▶ _What to produce_:
Take the line with "RMNH.ACA.P.16724 | Australomyobia dasyurus" and every line after it, through the end of the listing, and give them again exactly, pictures excluded.

▶ _Data shown_:

· · · ·

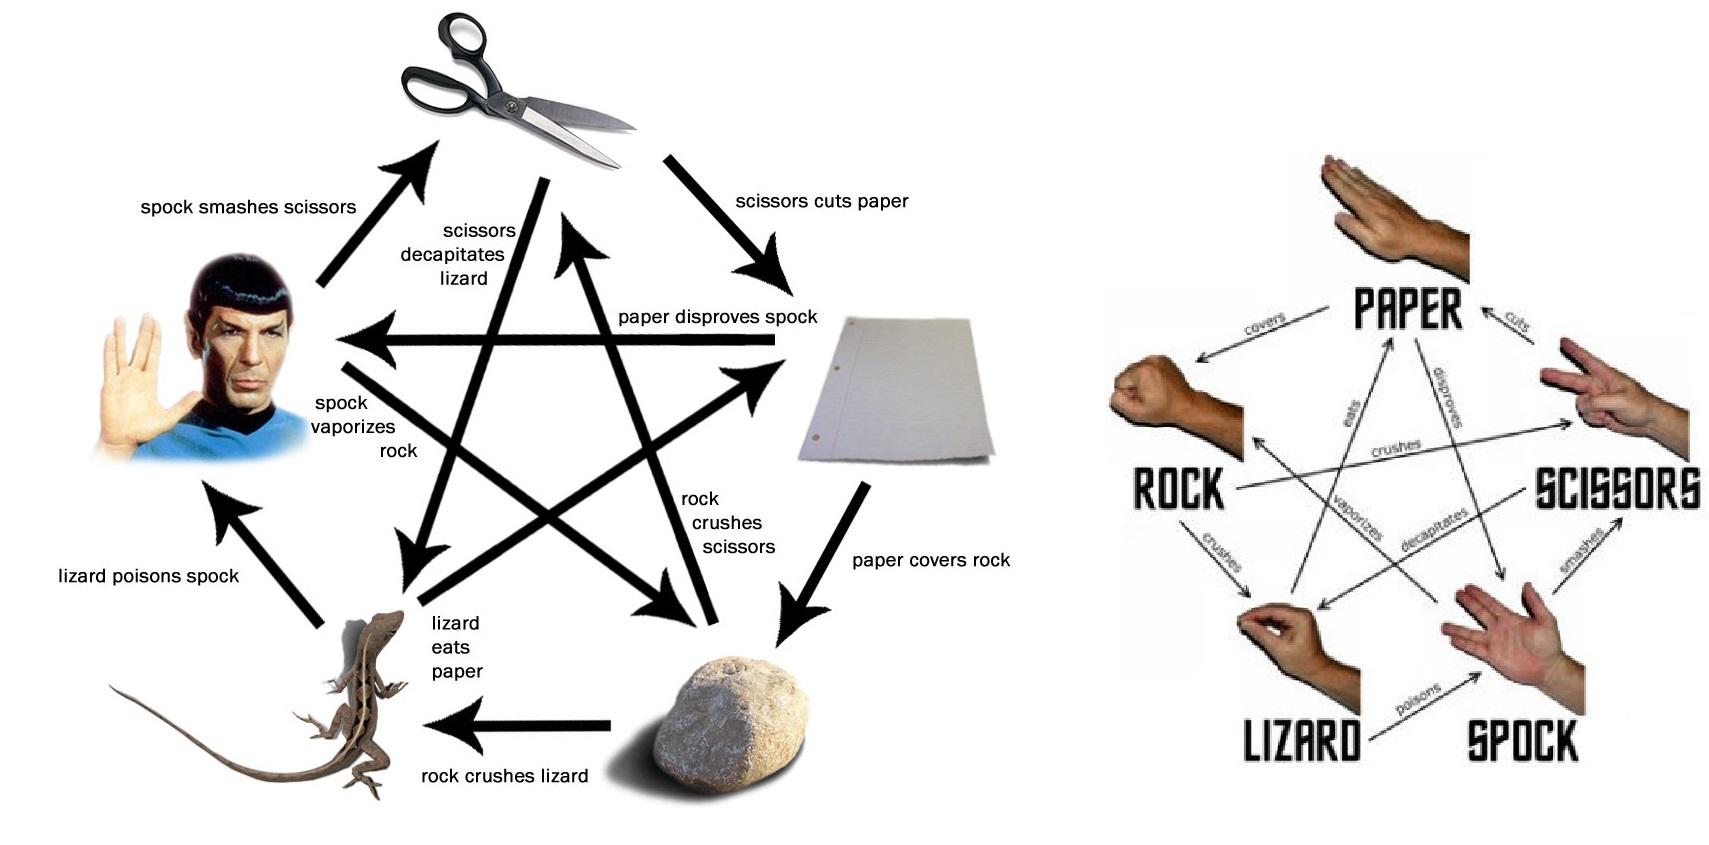 rockpaperscissorslizardspock_by_iamthemiggy.jpg
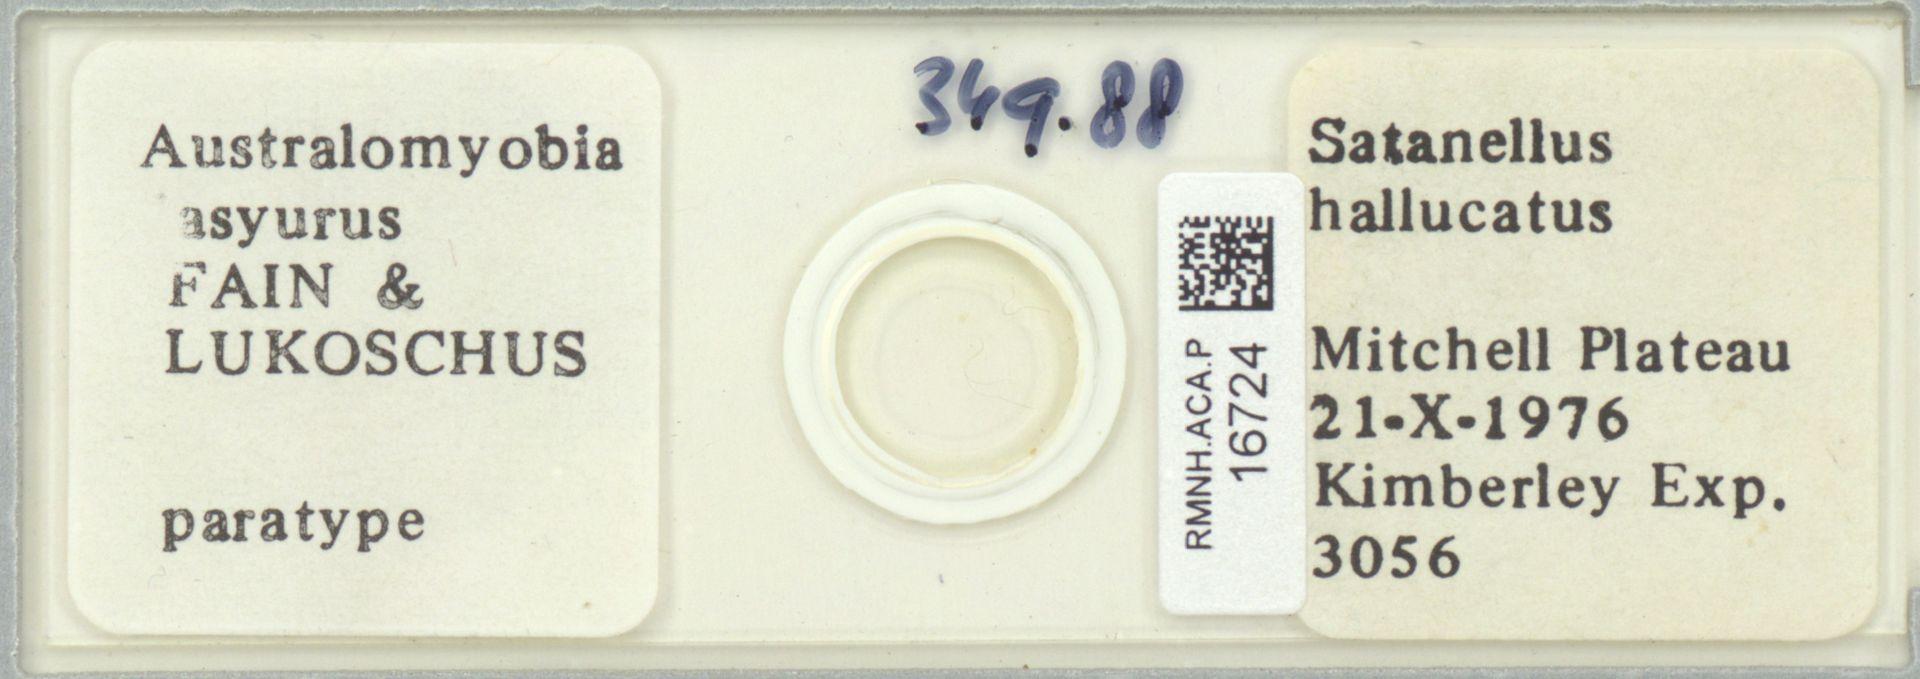 RMNH.ACA.P.16724 | Australomyobia dasyurus
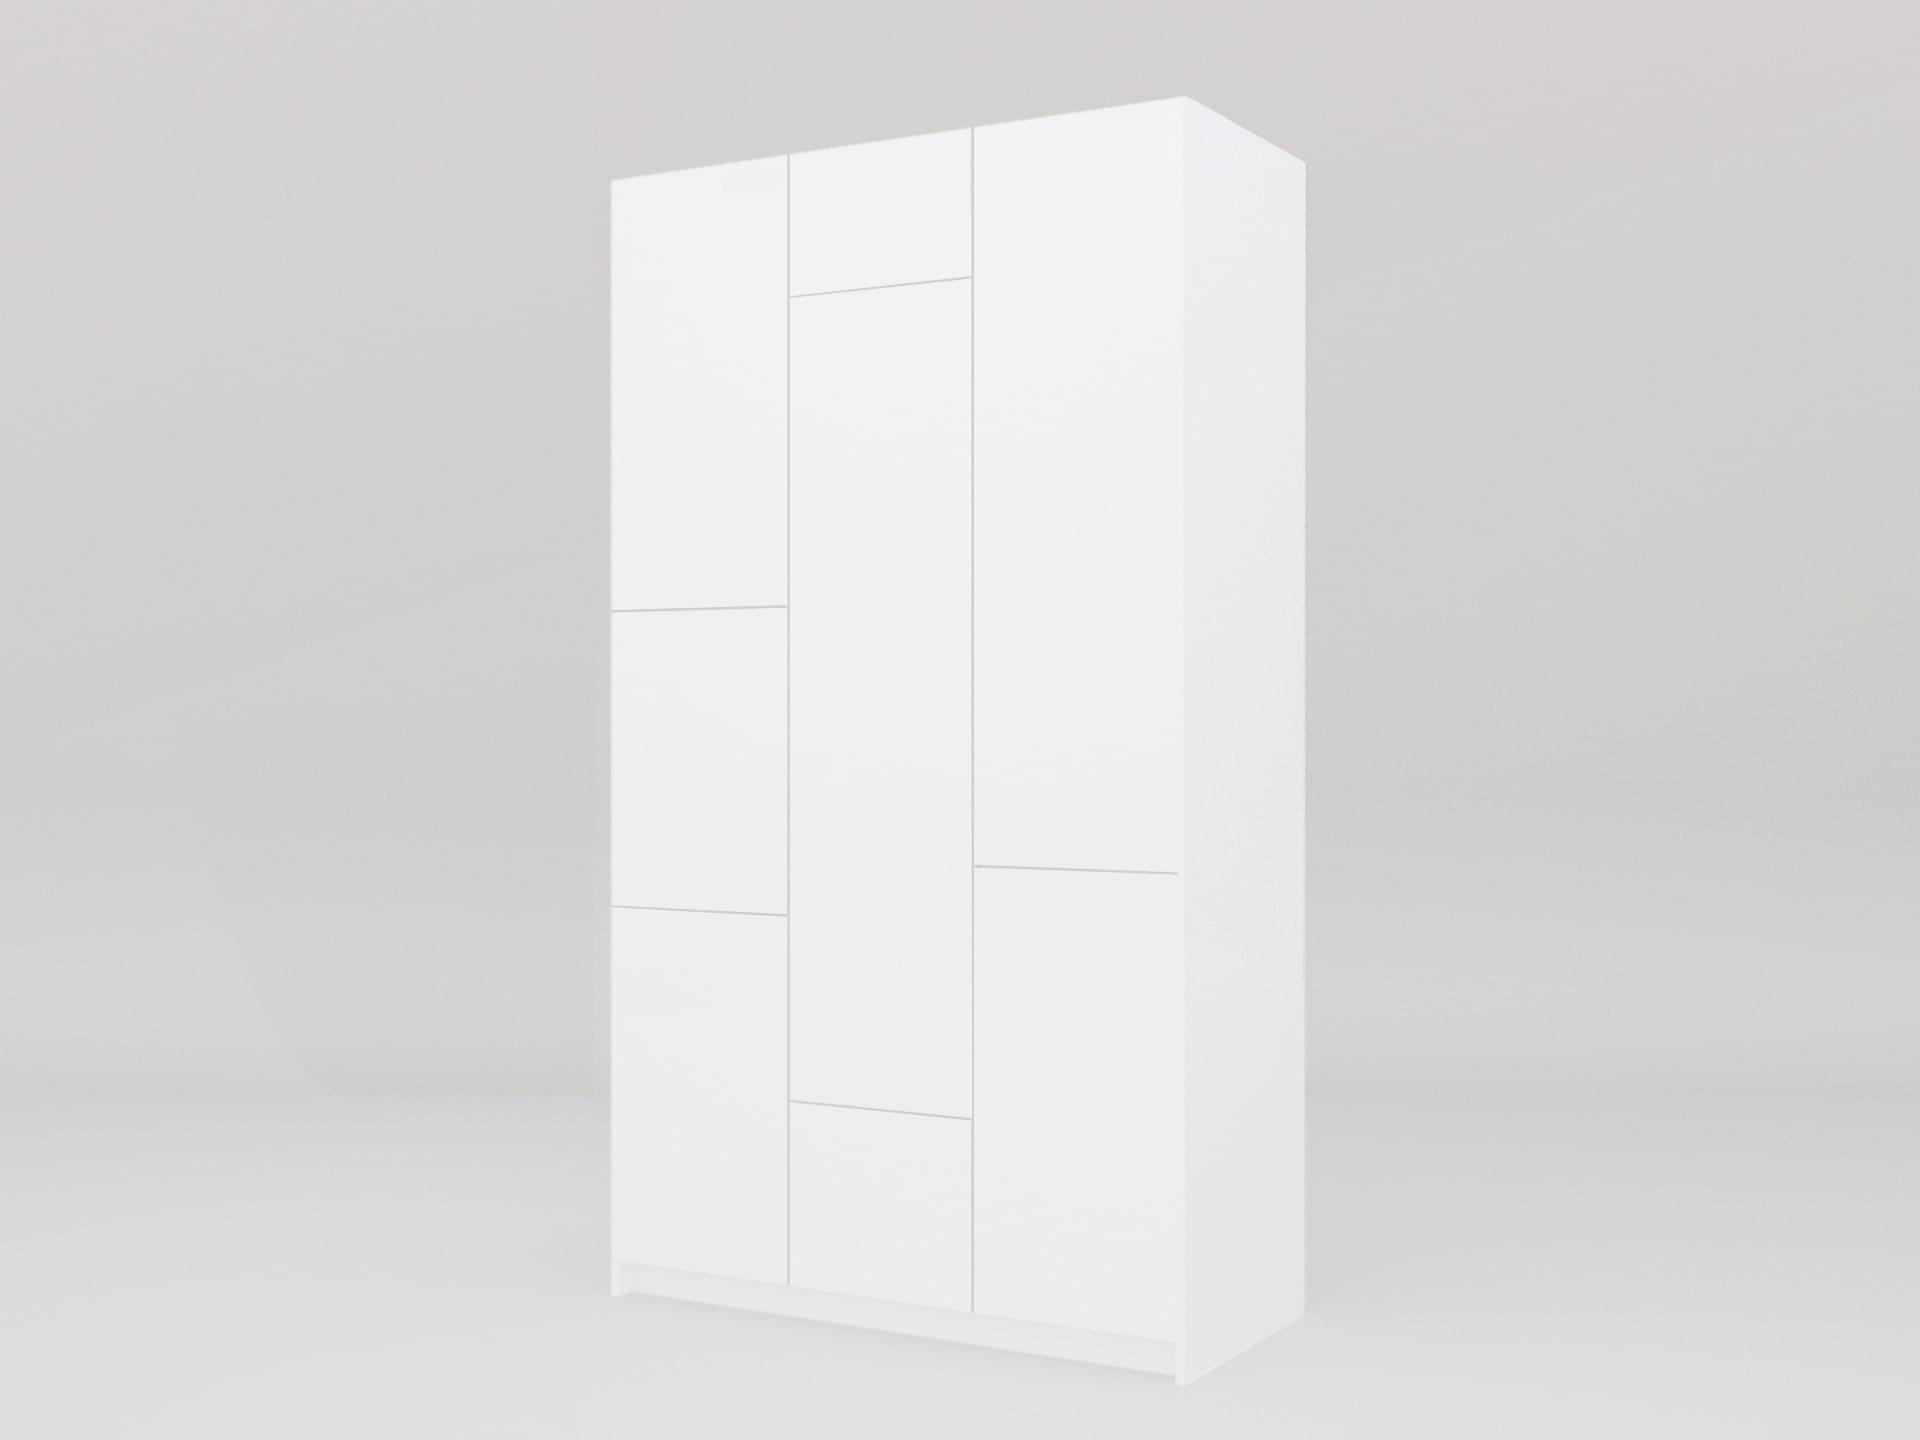 Lemari Pakaian Minimalis All White Bauhaus

· · · ·

▶ _Output of the exercise_:
 RMNH.ACA.P.16724 | Australomyobia dasyurus
 Lemari Pakaian Minimalis All White Bauhaus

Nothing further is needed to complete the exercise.